## Work task
When you copy the listing, reproduce each line as it appears and omit every image.

## Raw data
◇ ◇ ◇ ◇

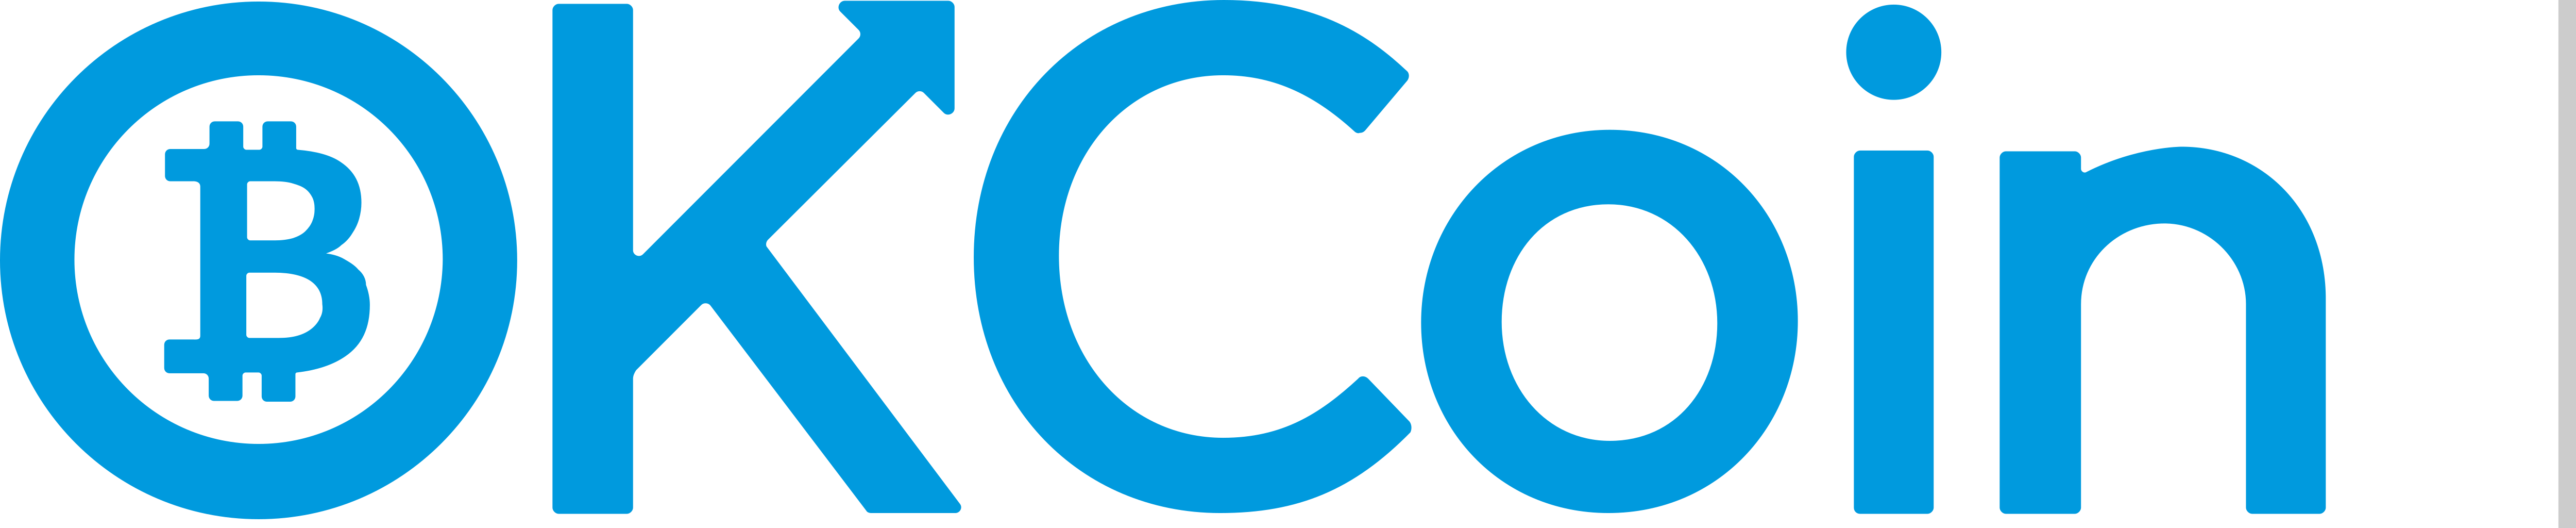 OKCoin – Logos Download
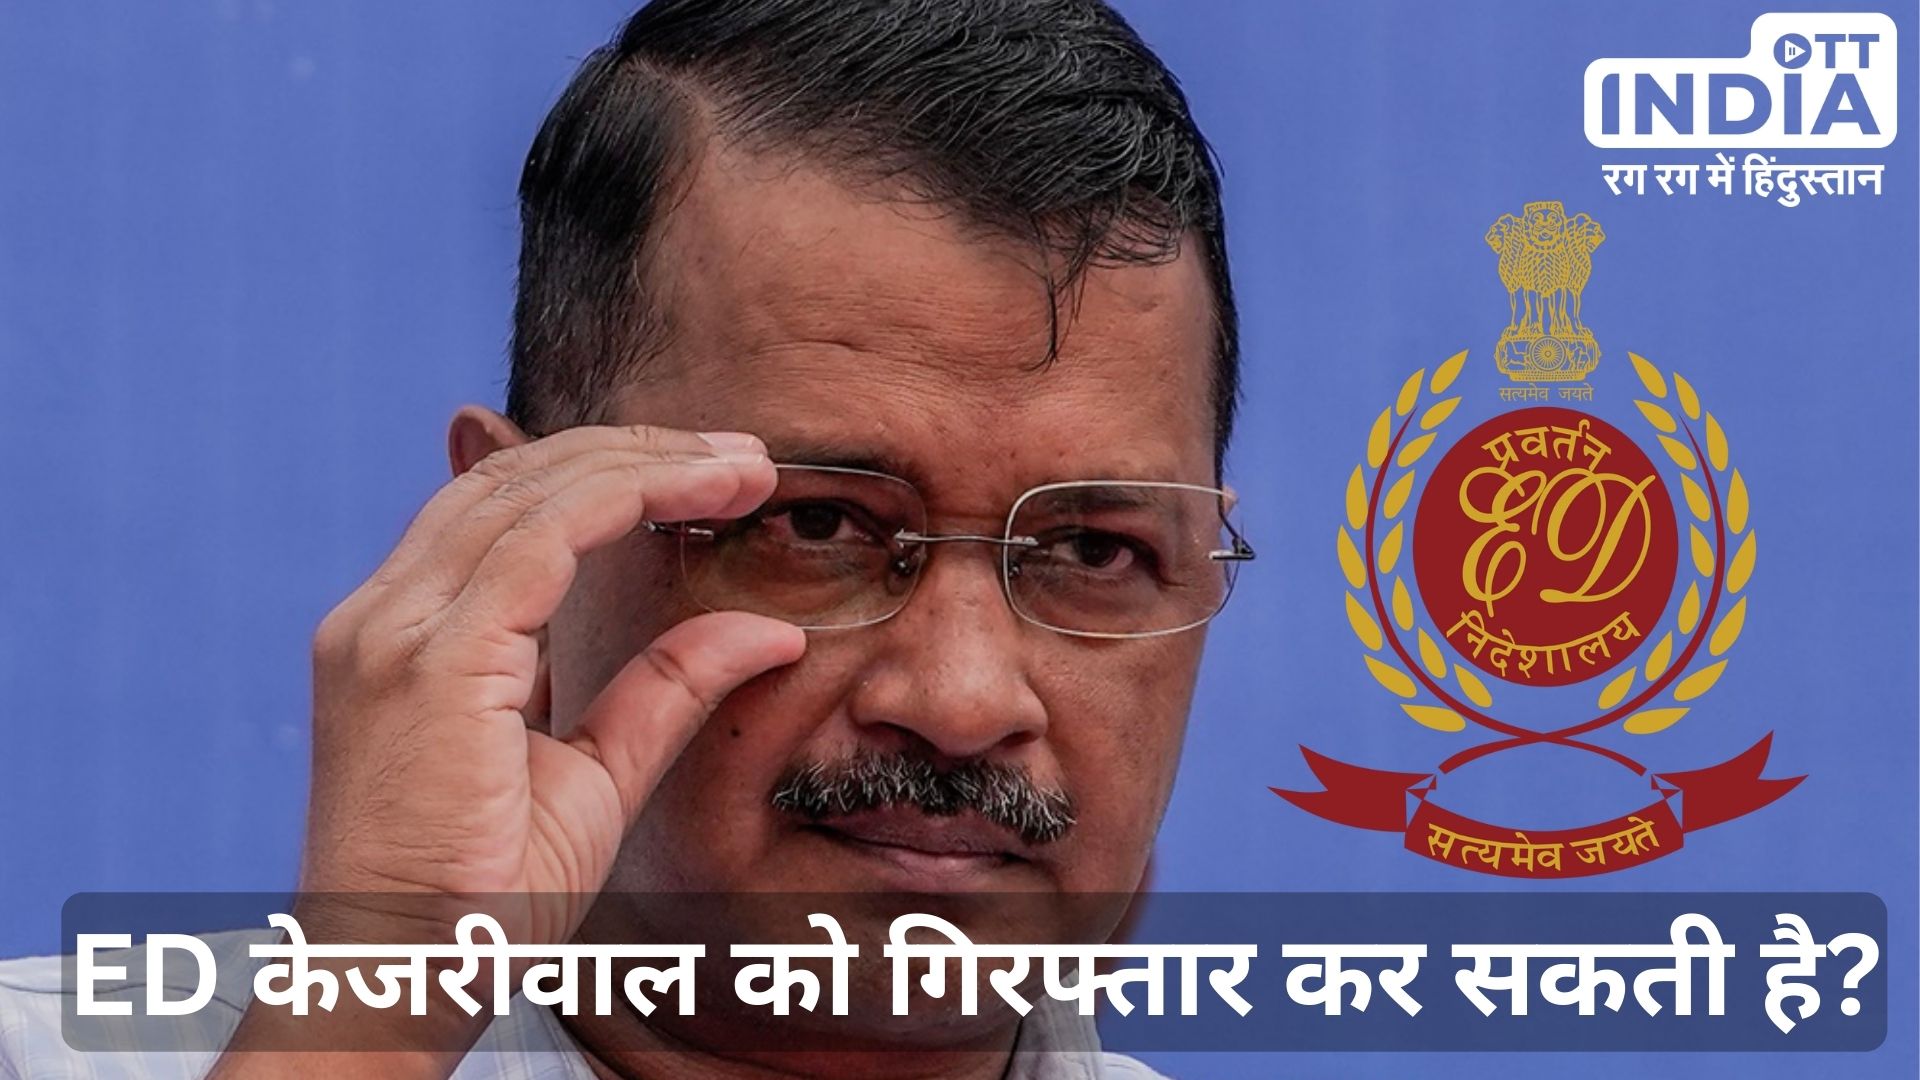 ED in Action: दिल्ली के मुख्यमंत्री को ईडी गिरफ्तार कैसे करेगी? ये नियम जानना जरुरी…
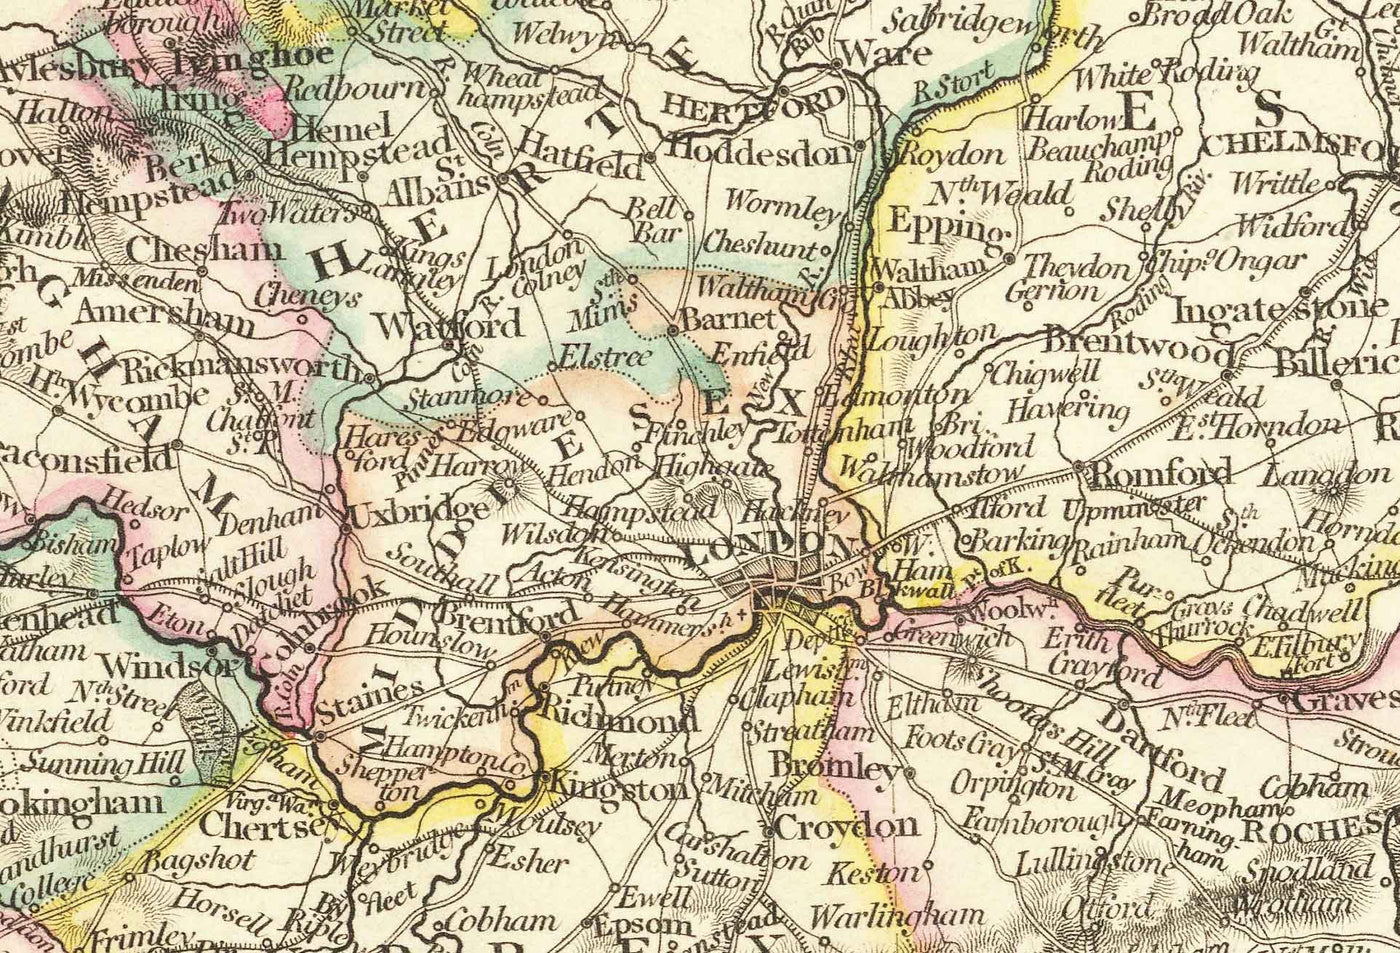 Antiguo mapa de Inglaterra y Gales en 1832 por John Arrowsmith - Ciudades, condados, carreteras, ferrocarril
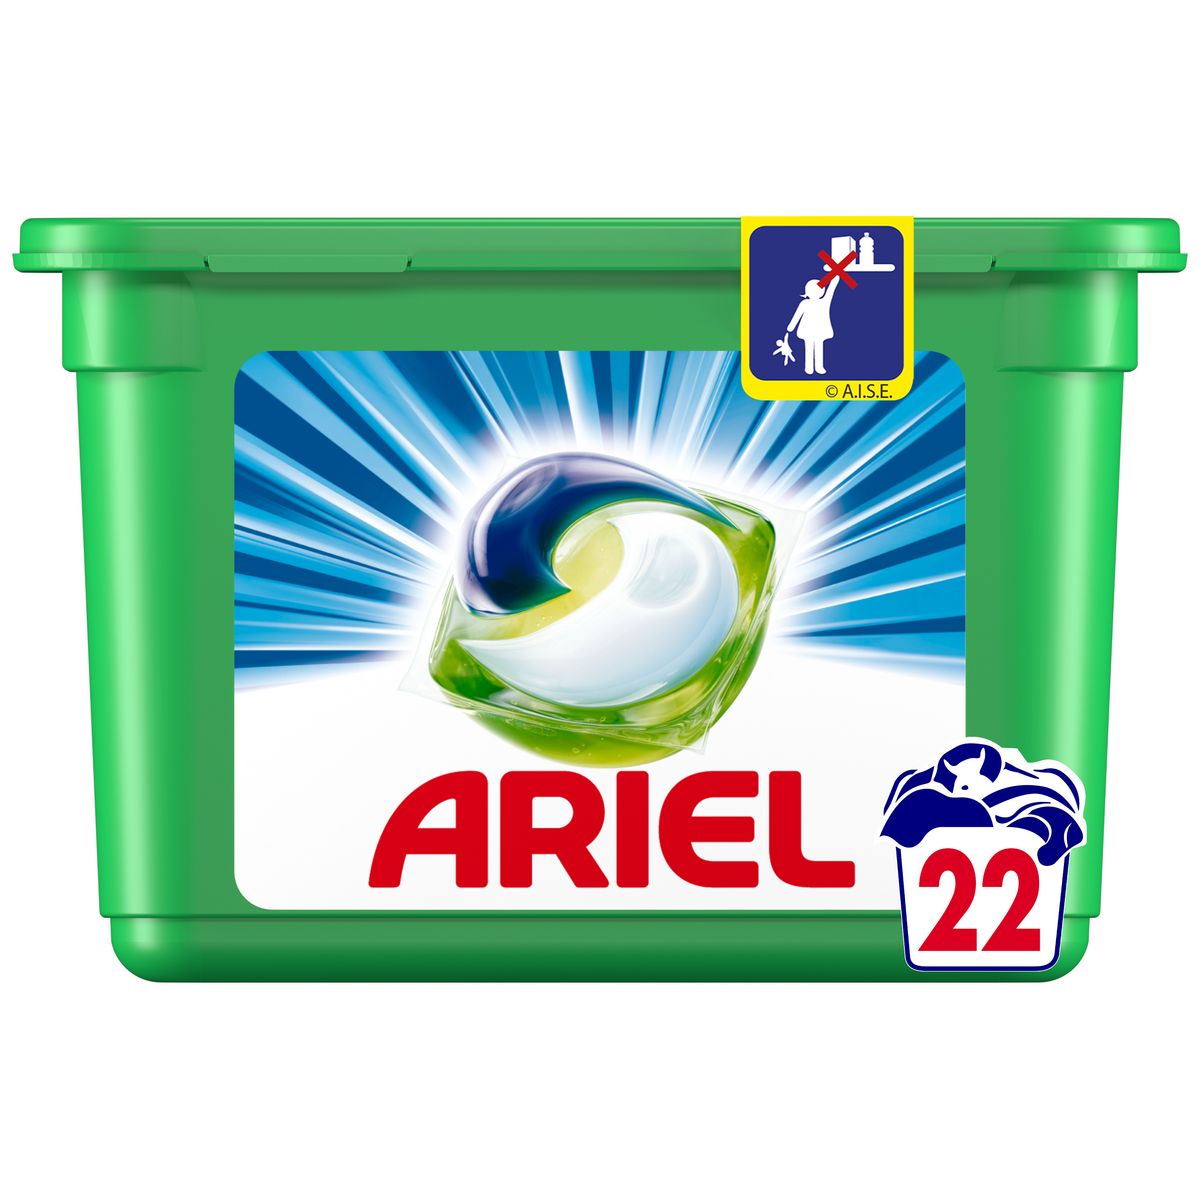 ARIEL Pods capsules de lessive tout en 1 alpine 22 lavages 22 capsules

◇ ◇ ◇ ◇

## Written solution
 OKCoin – Logos Download
 ED in Action: दिल्ली के मुख्यमंत्री को ईडी गिरफ्तार कैसे करेगी? ये नियम जानना जरुरी…
 Antiguo mapa de Inglaterra y Gales en 1832 por John Arrowsmith - Ciudades, condados, carreteras, ferrocarril
 ARIEL Pods capsules de lessive tout en 1 alpine 22 lavages 22 capsules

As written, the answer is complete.